3. On all normal TiKV instances, remove all Peers located on the faulty nodes for all Regions
Requirement: Run on all non-faulty machines, TiKV nodes need to be shut down
## tikv-ctl --db /path/to/tikv-data/db unsafe-recover remove-fail-stores -s <s1,s2,....> --all-regions
Here store id is 30725906
tikv-ctl --db /path/to/tikv-data/db unsafe-recover remove-fail-stores -s 30725906 --all-regions

4. Use pd-ctl to check Regions without a Leader
Requirement: PD is running
pd-ctl -u <endpoint> -d region --jq '.regions[]|select(has("leader")|not)|{id: .id, peer_stores: [.peers[].store_id]}'

5. Start TiKV

6. Check data index consistency
Requirement: PD, TiKV, TiDB are running, for example:
select count(*) from table as c1;
select count(*) from table force index `idx_name` as c2;
select c1 = c2;
  1. Also, for nodes that have been set to tombstone mode and decommissioned, how to clear the regions of the decommissioned kv in the pd layer using pd-ctl? → After completing operation 1, Tombstone: indicates that the TiKV Store is fully decommissioned, and you can use the remove-tombstone interface to safely clean up the TiKV in this state. from TiDB 数据库的调度 | PingCAP 文档中心 Specific operation → PD Control 使用说明 | PingCAP 文档中心
| username: 普罗米修斯 | Original post link

It was completed last Friday, basically following the above operations. The difference was that after executing store remove-tombstone, some regions still had peers of the offline peers.
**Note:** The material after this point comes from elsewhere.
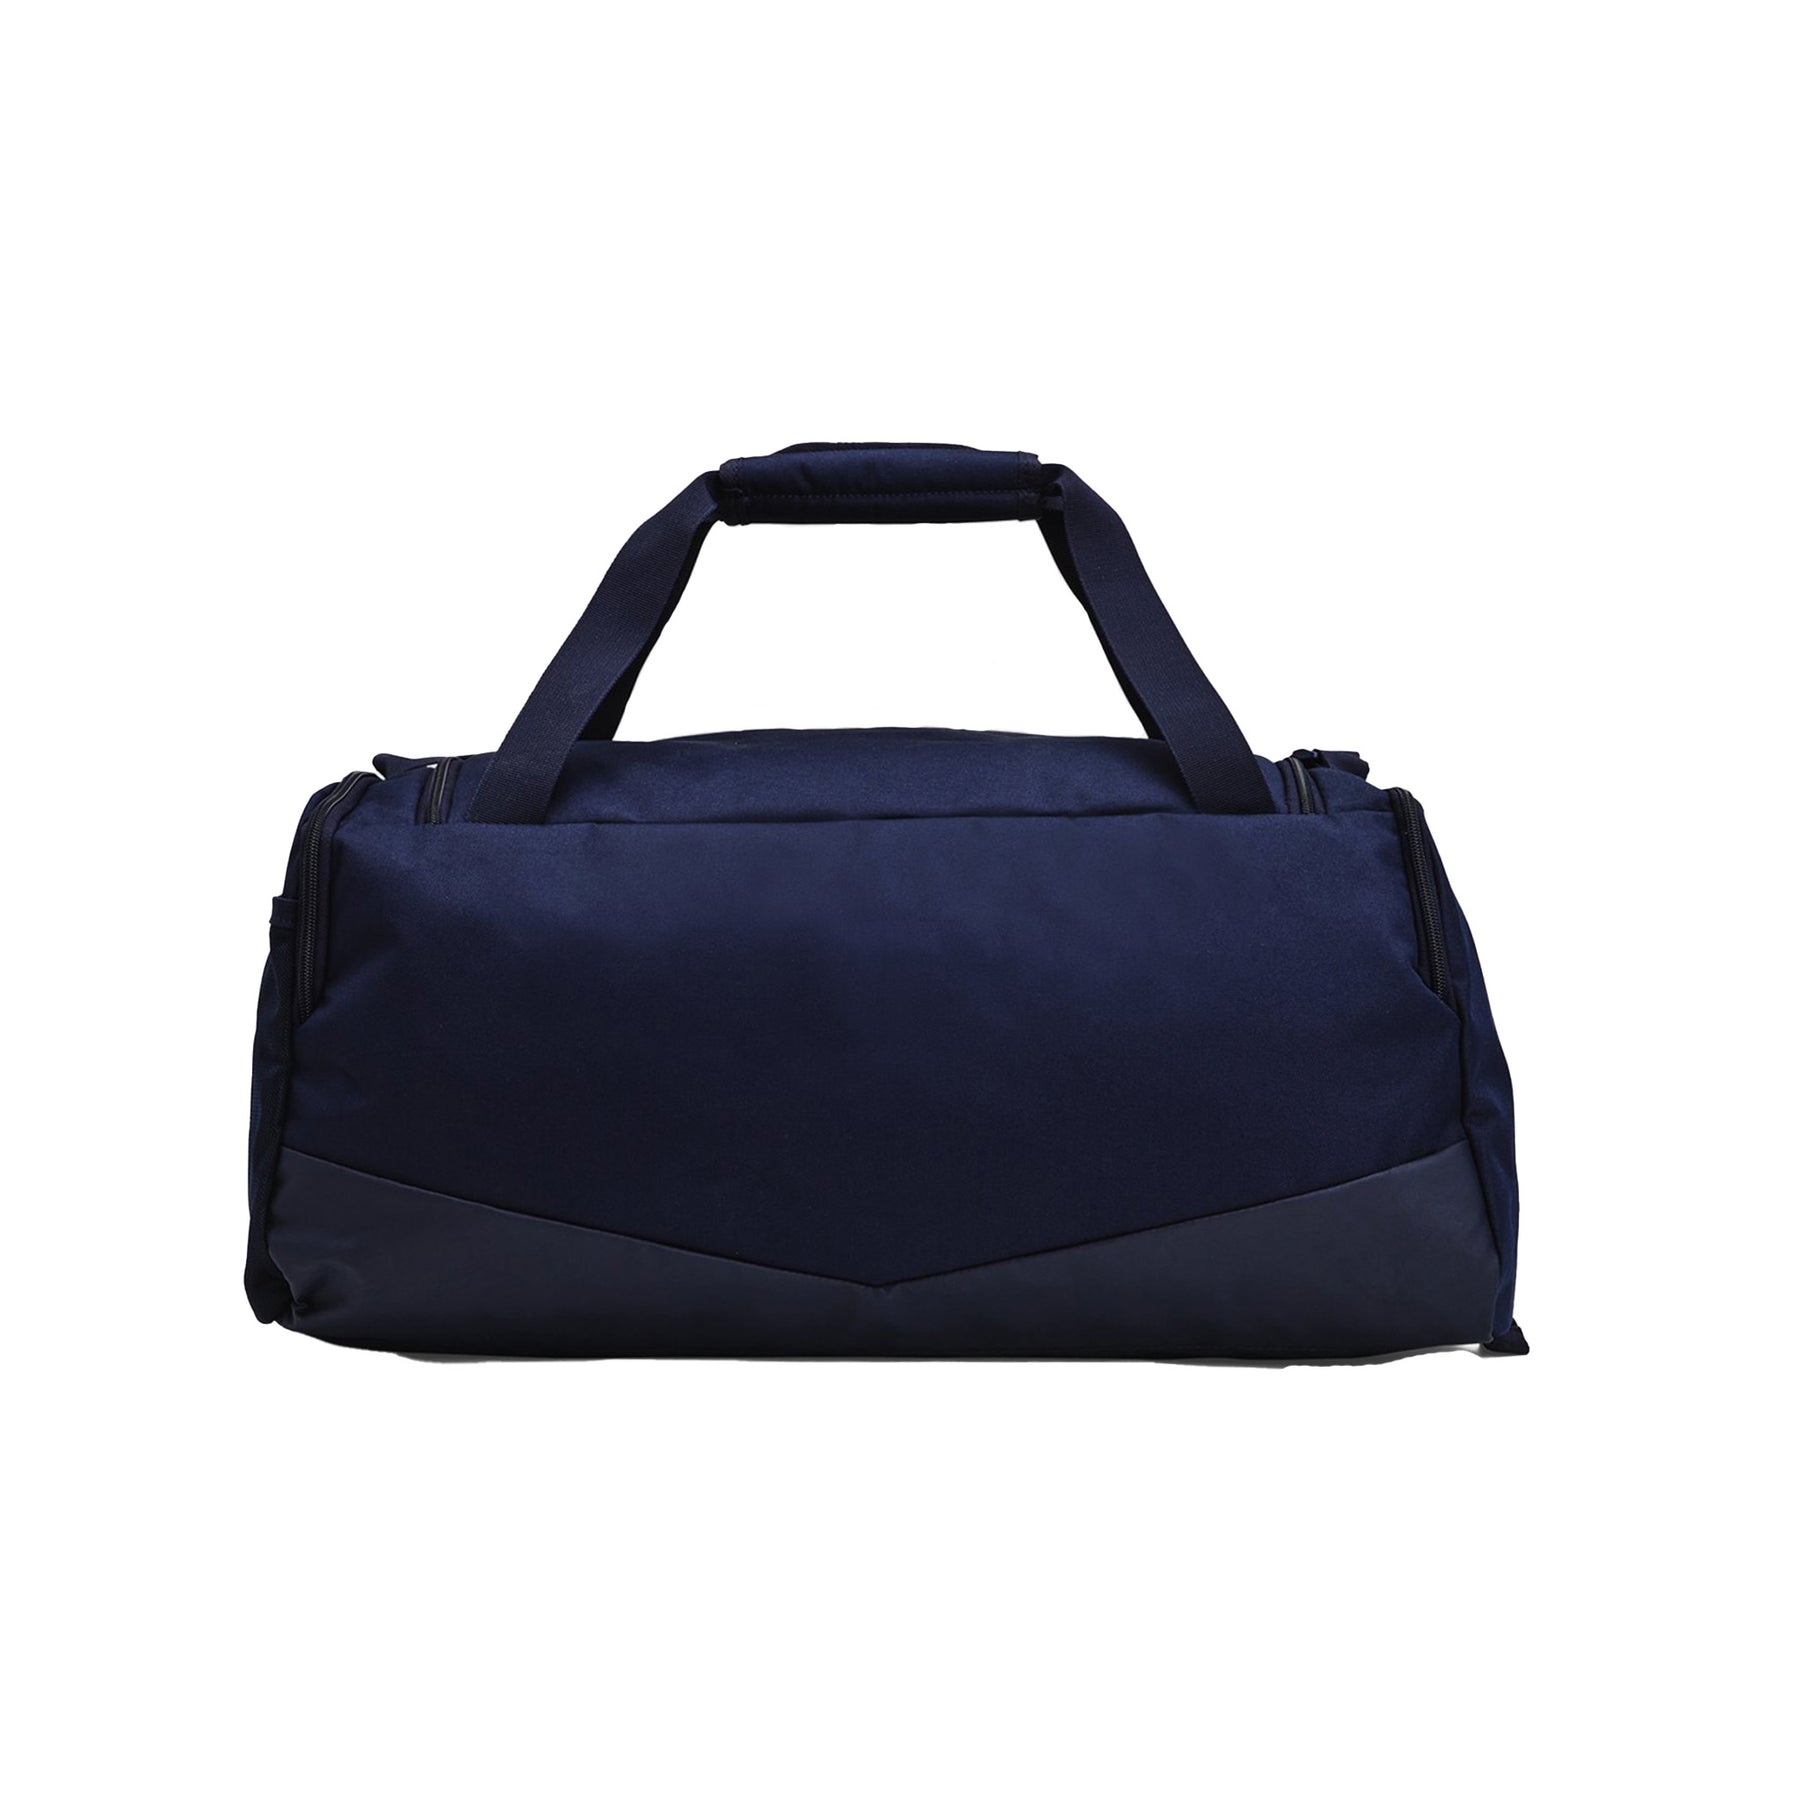 Under Armour Undeniable 5.0 Small Duffel Bag: Navy

By performing unsafe recover with the specified tombstone mode on all KV nodes and restarting the KV, the cluster returned to normal.

| username: jansu-dev | Original post link

OK!!!

| username: system | Original post link

This topic was automatically closed 60 days after the last reply. New replies are no longer allowed.